Building a Premier League Stats Dashboard in Tableau

This week I started building a football dashboard in Tableau looking at goal contributions in the Premier League.

I used public player and appearance data, starting by unioning the appearances.csv and players.csv files, with player_id as the relationship between them. From there, I wanted to build something simple that lets you look at attacking output in a few different ways, while also giving the user some control over what counts as a meaningful sample.

I started with a scatterplot of minutes played against goal contributions, then added top 15 charts for goals per 90 and assists per 90. After that, I added parameters so the user can filter by minimum minutes played, minimum goals scored, start date, and position.
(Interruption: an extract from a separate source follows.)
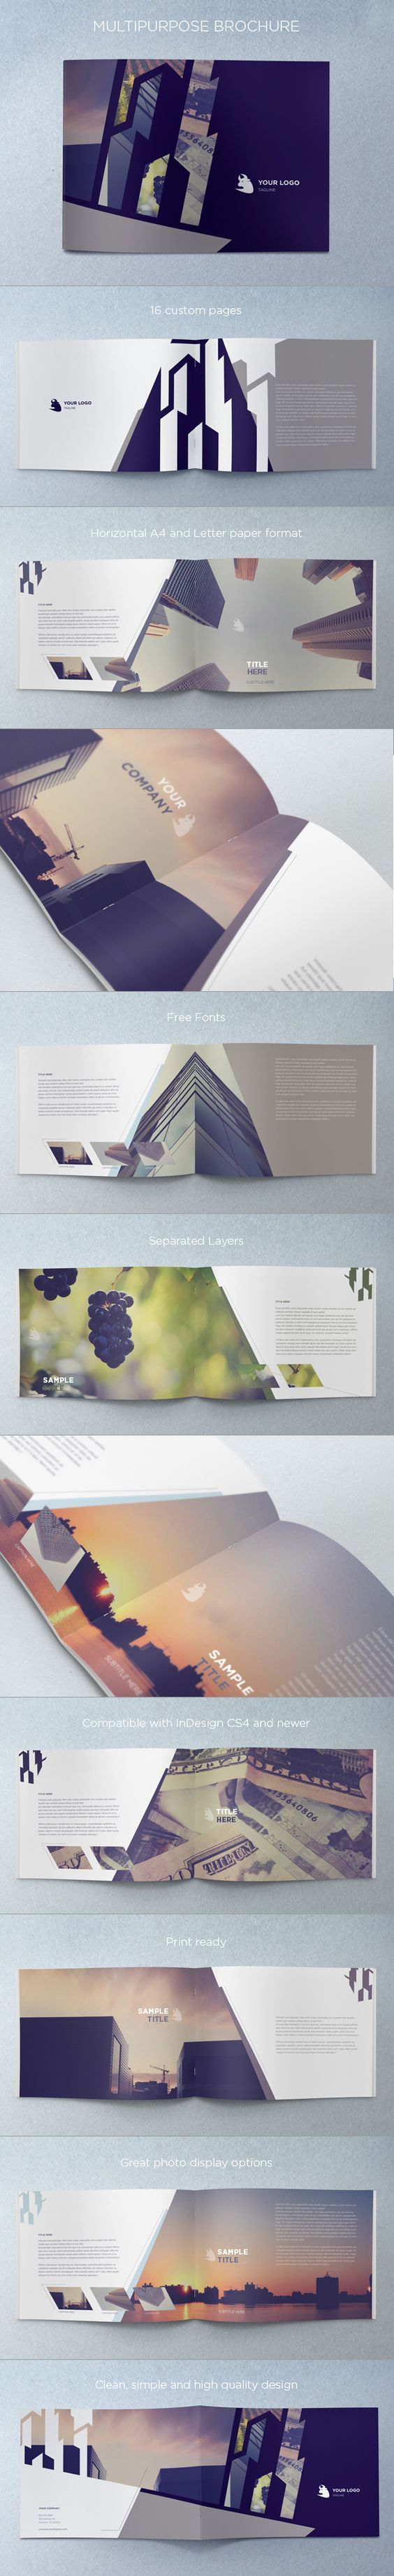 Multipurpose Brochure. Download here: http://graphicriver.net/item/multipurpose-brochure/4599702 #design #brochure:
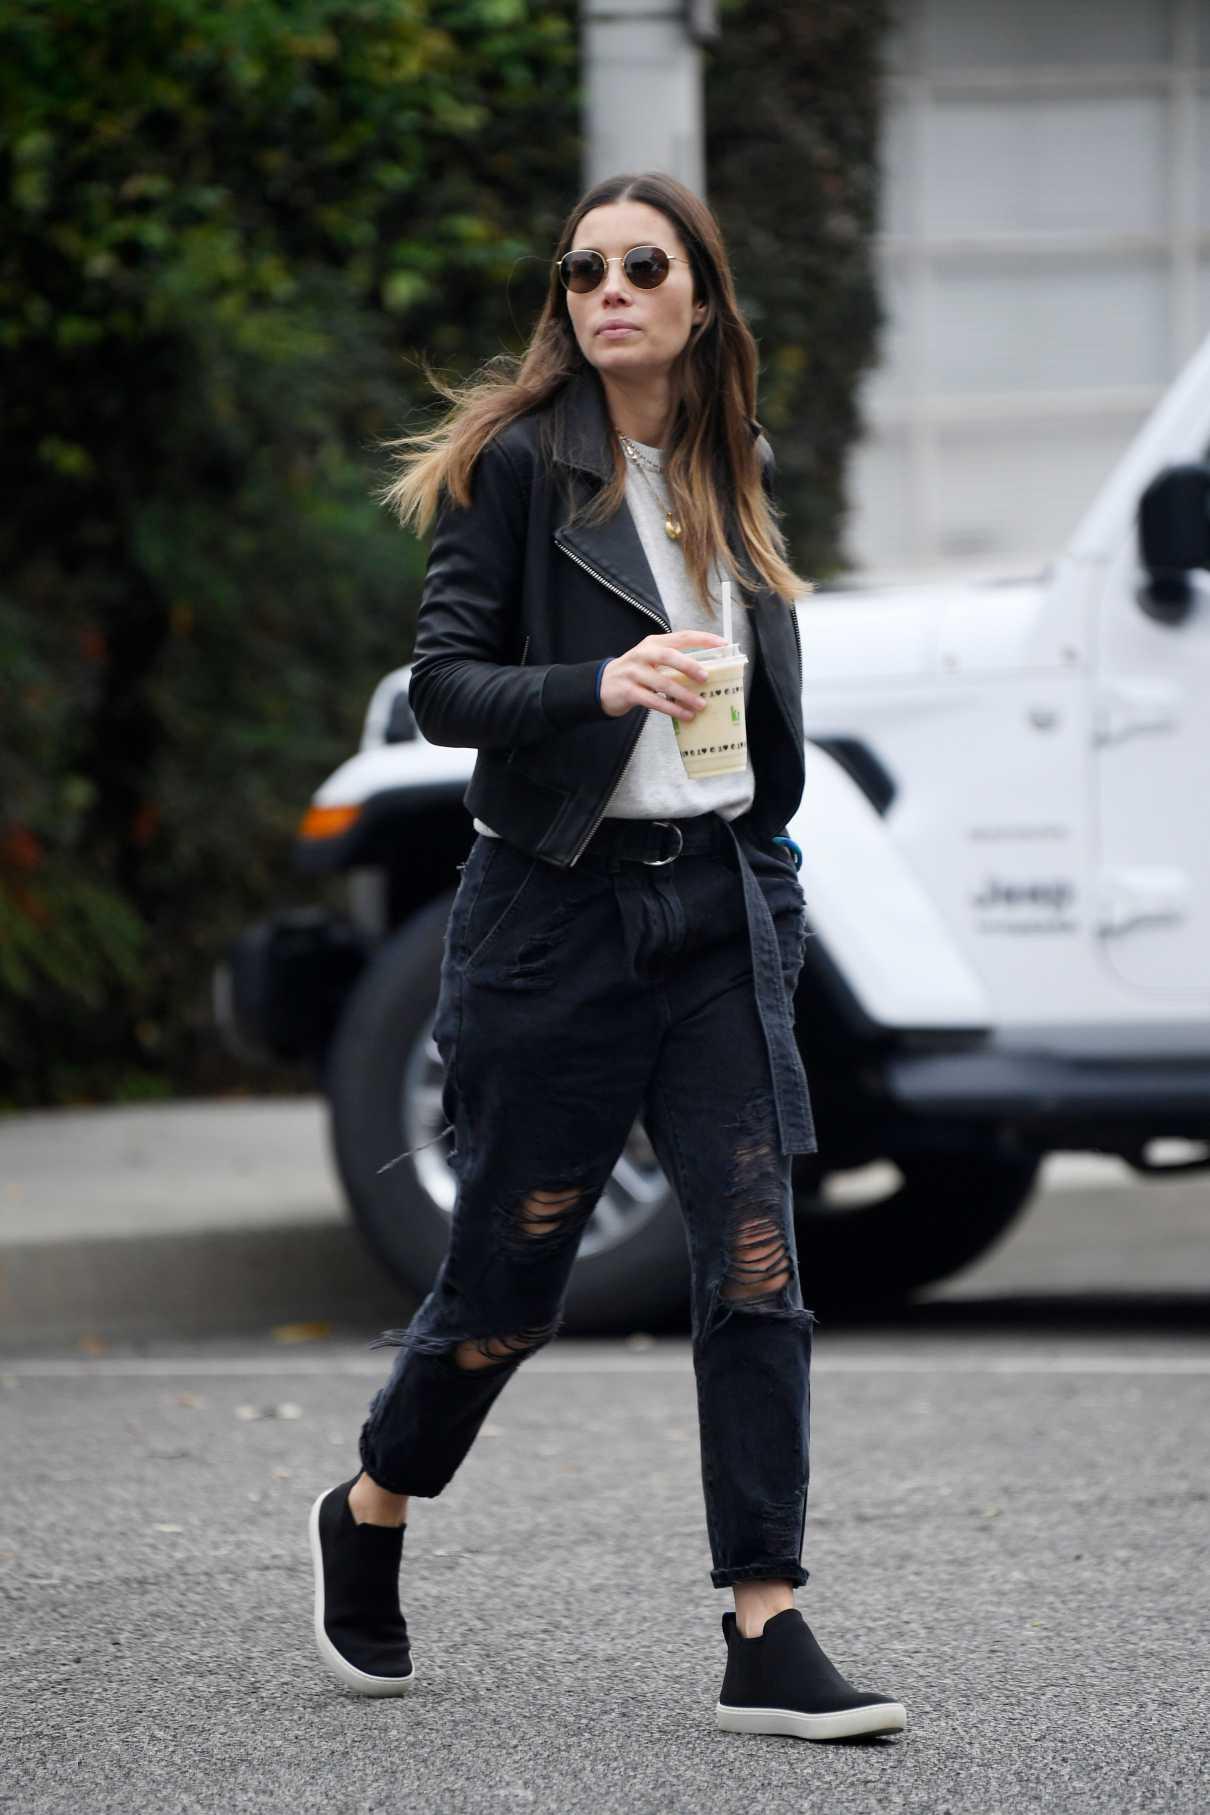 Jessica Biel in a Black Jacket

Starting with goal contributions

The first thing I created was a goal contributions field by combining goals and assists:

[Goals] + [Assists]

That gave me a simple attacking output measure to use in the scatterplot.

I then built a scatterplot with minutes played on the x axis and goal contributions on the y axis. To keep it focused, I filtered it to Premier League only, excluded goalkeepers, and only looked at matches from the start of the current league season. That gave me a decent first view straight away. The players with the biggest output over large minutes stood out quickly, while the labels also made it easier to pick out players doing well with less game time.

Adding goals per 90

After that, I built a top 15 goals per 90 chart.

The first calculation was just:

SUM([Goals]) * 90 / SUM([Minutes Played])

That works fine on paper, but the problem is obvious quite quickly. A player can rank really highly if they have only played a small number of minutes and scored once or twice. That makes the stat less useful if you are trying to compare players with proper sample sizes.

So instead of leaving it like that, I added parameters for minimum minutes played and minimum goals scored, then built that logic into the calculation.

IF
SUM([Minutes Played]) >= [Min Minutes]
AND SUM([Goals]) >= [Min Goals]
THEN SUM([Goals]) * 90 / SUM([Minutes Played])
END

This made the chart much more usable, because the user can decide how strict they want to be with the thresholds. I used the same approach for assists per 90.

That gave the dashboard two ranked views alongside the scatterplot. One looks at total output through goal contributions, while the other two show who stands out on a per 90 basis.

Adding a start date parameter

The dataset goes back much further than this season, so I also wanted users to be able to move the start point back and look at output over a longer period of Premier League history.

To do that, I created a start date parameter and used it in a date filter calculation where:

[Date] >= [Start Date]

That means the default dashboard view can focus on the current season, but the user can also move the date back and see a wider sample if they want to.

Adding a position parameter

The final thing I added was a position parameter.

That lets the user switch the view depending on the type of player they want to look at. For example, the attacker view makes sense for goals and assists, but it is also interesting to switch to defenders and see who stands out there.

What I’d improve next

At the moment, the dashboard is doing the main job I wanted it to do, which is giving a clean view of goal contributions, goals per 90, and assists per 90 with a few useful controls.

The next step is to make it easier to read at a glance. I want to add ranks to the bar charts and spend a bit more time on the formatting, as the current version is still more functional than polished.

That will probably be the focus of the next blog.